**Activity**
Would you write out each line of the material below exactly, skipping every picture?

**Data section**
────────────────────

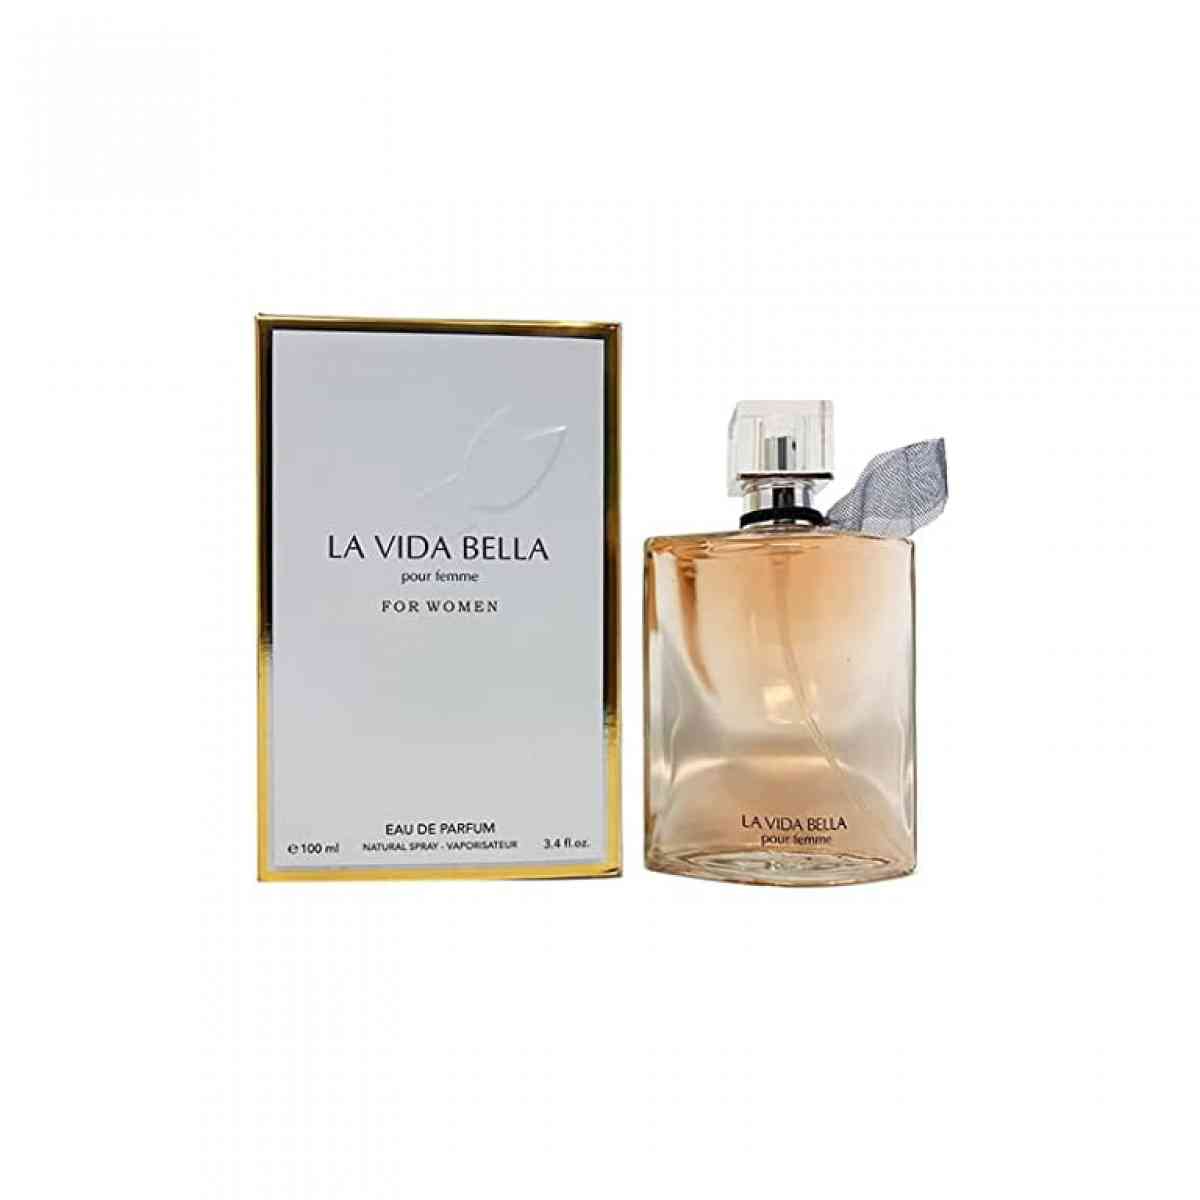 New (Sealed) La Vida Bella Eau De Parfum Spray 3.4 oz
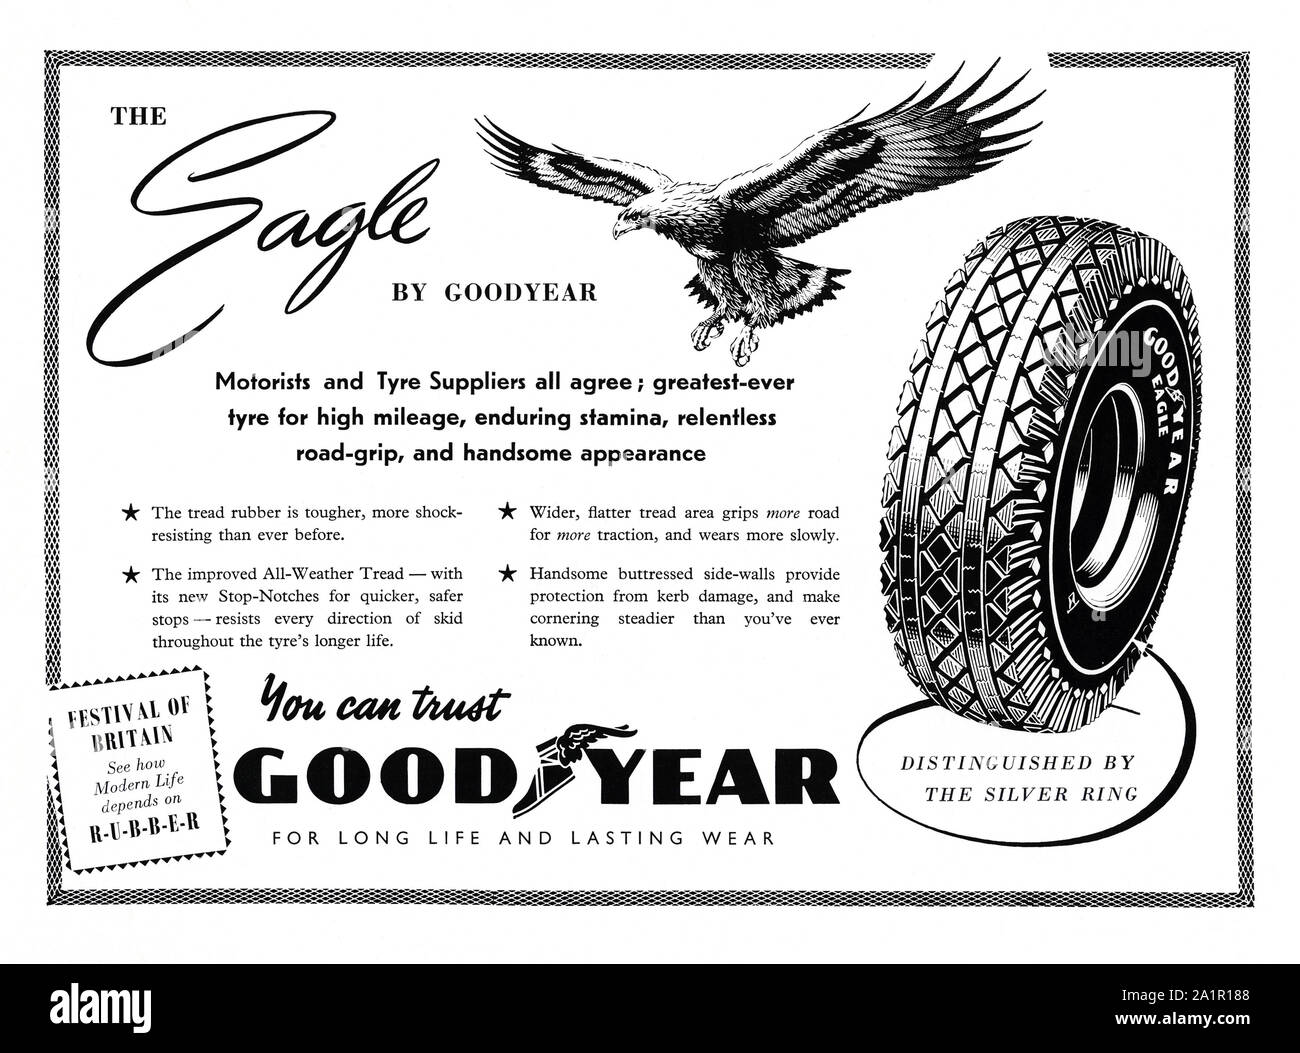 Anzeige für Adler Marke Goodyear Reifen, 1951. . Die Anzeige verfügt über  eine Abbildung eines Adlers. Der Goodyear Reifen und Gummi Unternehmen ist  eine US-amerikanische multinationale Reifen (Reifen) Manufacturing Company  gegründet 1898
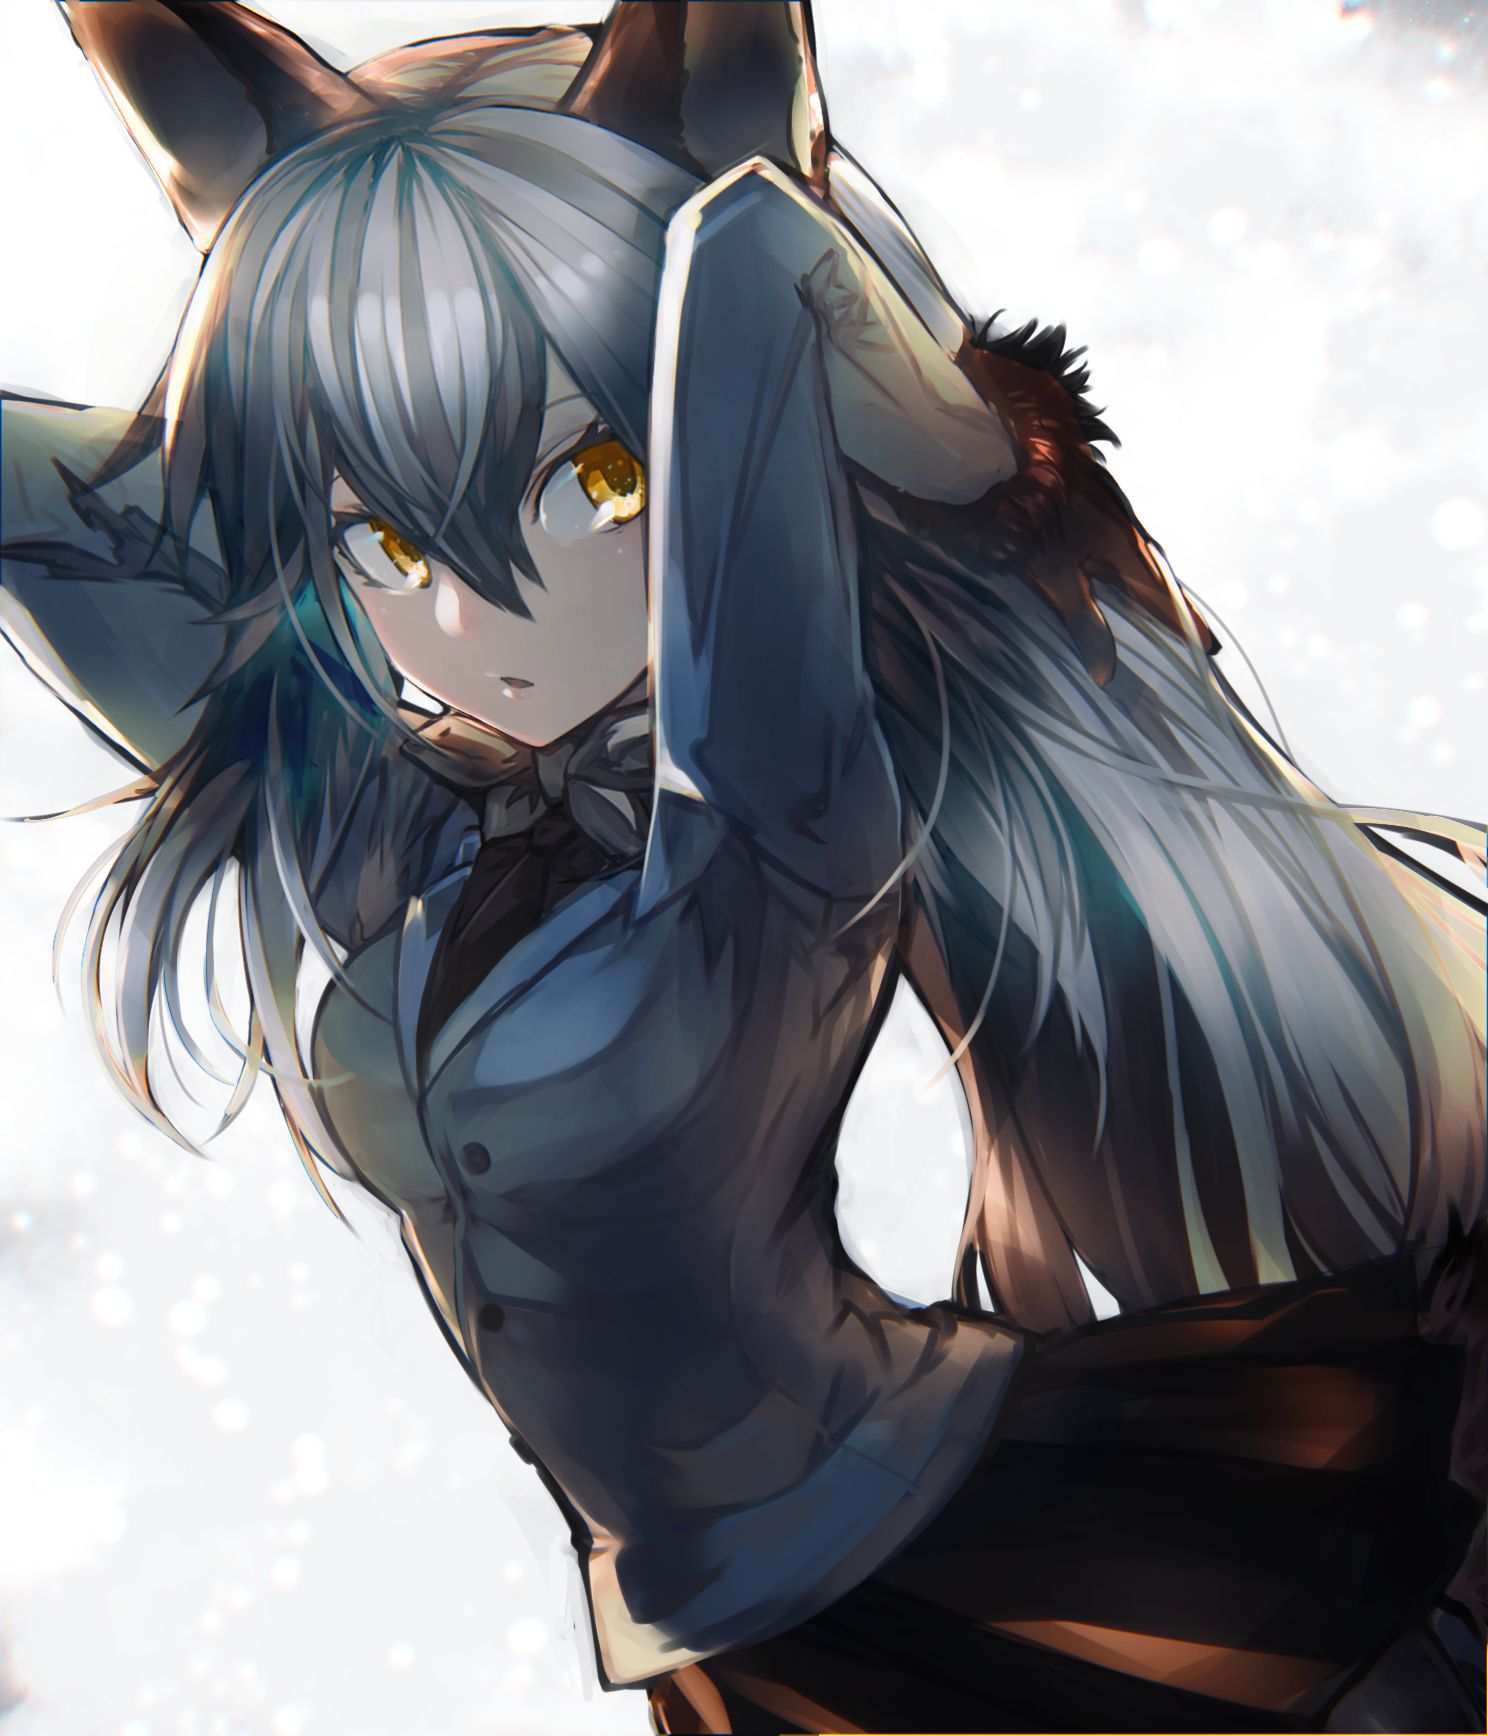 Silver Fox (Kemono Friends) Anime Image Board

────────────────────

**Your solution**
 New (Sealed) La Vida Bella Eau De Parfum Spray 3.4 oz
 Anzeige für Adler Marke Goodyear Reifen, 1951. . Die Anzeige verfügt über  eine Abbildung eines Adlers. Der Goodyear Reifen und Gummi Unternehmen ist  eine US-amerikanische multinationale Reifen (Reifen) Manufacturing Company  gegründet 1898
 Silver Fox (Kemono Friends) Anime Image Board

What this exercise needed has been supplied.